There a few ways to do it – you can island hop, live in a big ship and dock occasionally, or you can build a floating village. This week we’re looking at how floating villages can work, to go with last Thursday’s freebie.
There a few of these around the world, Ha-Long Bay: in Vietnam Lake, Stilt Village: in Ganvie in Africa, Tonle Sap: in a lake in Cambodia, Floating Islands of Uros: Titicaca Lake in Peru and Sama-Bajau which are found in the sea around the Philippine.
Most of these places are in stationary water, and are built on stilts which support the house. Despite all being called “floating villages” few of them are actually floating on the water unsupported – but although it’s rare it is possible. Two places where this unusual feat has been managed for centuries are the Uros whose homes are made completely from reeds which are found growing in the shallows of the lake and Ha-Long Bay where they live in house made of wood on top of either bamboo rafts or (in more modern times) empty metal or plastic barrels.

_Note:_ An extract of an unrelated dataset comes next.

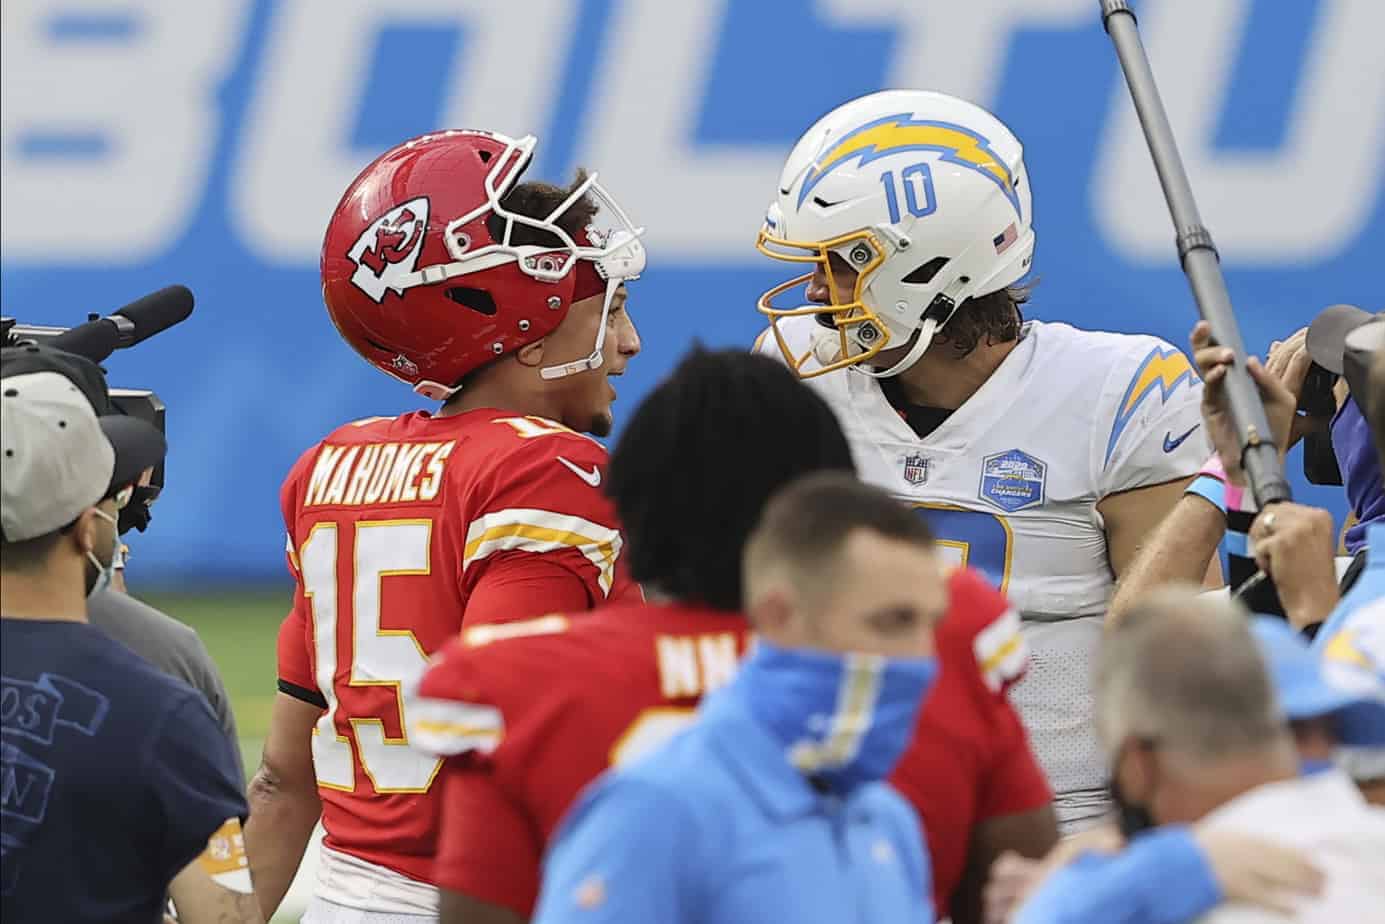 Kansas City Chiefs quarterback Patrick Mahomes doesn't sound all too concerned about the rise of Chargers quarterback Justin Herbert

People living in these villages will generally eat mostly fish, seaweed and seafood like clams and crap, this mean they get a lot of water from their food means they have to find less clean water to drink. Drinking water can be made by boiling the lake water which will kill of most of the harmful bacteria, but more often it, along with vegetables, flowers and clothing will traded for from the mainland in exchange for the fish.
People that live in such places tend to have long lean bodies, can swim before they can walk and have deeply tanned skin since they are out fishing most days and there no shade from trees that far out in the water.